2nd lesson. Economic rationales for monetary union are often spurious: Prof Granville demolishes the main stated economic rationale for establishing the RZ – namely, that FSRs would have no use for each other’s national currencies. She points out that free trade and free prices would have been sufficient conditions to support beneficial trade in the FSU area. As it happened, once national currencies were introduced, inter-republican trade decreased from 57% of the FSU countries’ aggregate external trade in 1992 to 33% in 1997; but resource allocation improved. The main problem was not trade between FSRs but access to western markets. That access was constrained by Western governments’ protectionist restrictions imposed on textiles, steel, aluminium, coal, uranium and tech. Those restrictions penalized the external trade of the FSU to the tune of around US$1 billion.
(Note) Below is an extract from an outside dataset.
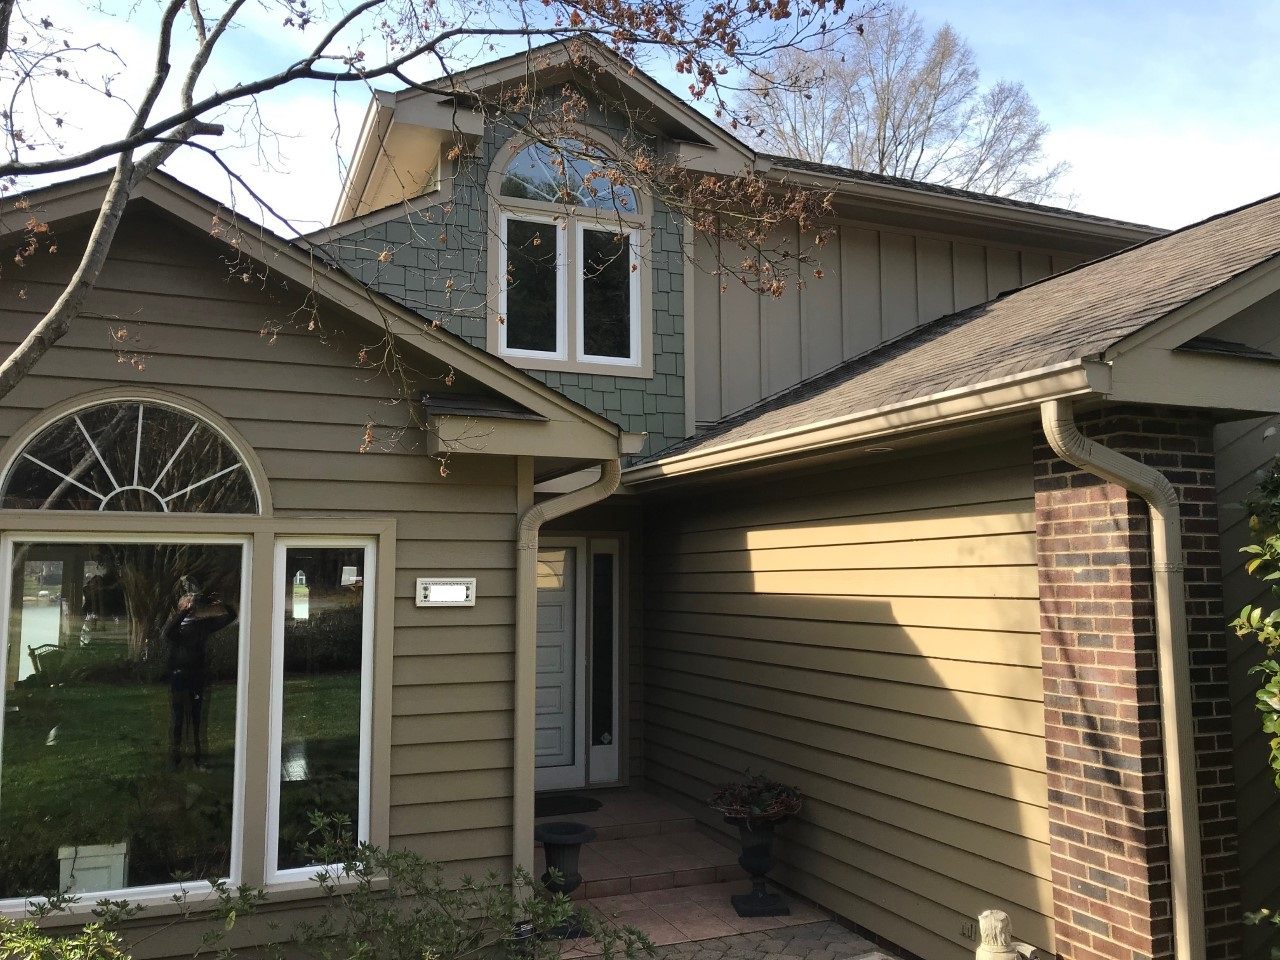 Hardie® Plank siding details mooresville nc

3rd lesson. Monetary Unions may dissolve when economic realism prevails in the core:  Tensions between FSRs and Russia came to a head with Russia’s unilateral decision to withdraw pre-1993 ruble banknotes from circulation, forcing the FSRs to choose between introducing their own currencies or agreeing to a “New Style Ruble Zone” (NSRZ). The NSRZ agreement, signed in September 1993, envisaged complementary bilateral agreements to harmonize economic policies between Russia and the NSRZ members: Kazakhstan, Uzbekistan, Tajikistan, Belarus, and Armenia. The ultimate – but unrealized – goal was to achieve convergence of legislative and regulatory mechanisms by the end of 1994. The NSRZ was a fraught union, shaped by the clash between NSRZ members, which were pressing to obtain cash in new ruble notes, and the Russian government, which was reluctant to deliver unless economic convergence was achieved first. Finally, Kazakhstan and Uzbekistan introduced their own currencies in November 1993 with the rest of the NSRZ members soon after following suit (the only exception being Tajikistan, which at that time was embroiled in civil war).

4th lesson. The mirror image of lesson three: Prof Granville, identifies the core problem of monetary unions as the reality that political unity is the necessary basis for a single currency. It follows that at some point, countries at the core and at the periphery must face a trade-off between intolerable economic consequences or political integration. In the case of the Ruble Zone countries on the periphery decided to opt out of the monetary union rather than to sacrifice their sovereignty.

This last lesson is applicable to the fundamental tension in the Eurozone, as the periphery is forced to choose between sovereignty and democracy as the price of monetary integration. Prof Granville’s insightful analysis of the development and demise of the Ruble Zone is a reminder that, sooner or later, Eurozone members must face a stark decision between furthering political integration or dismantling the single currency.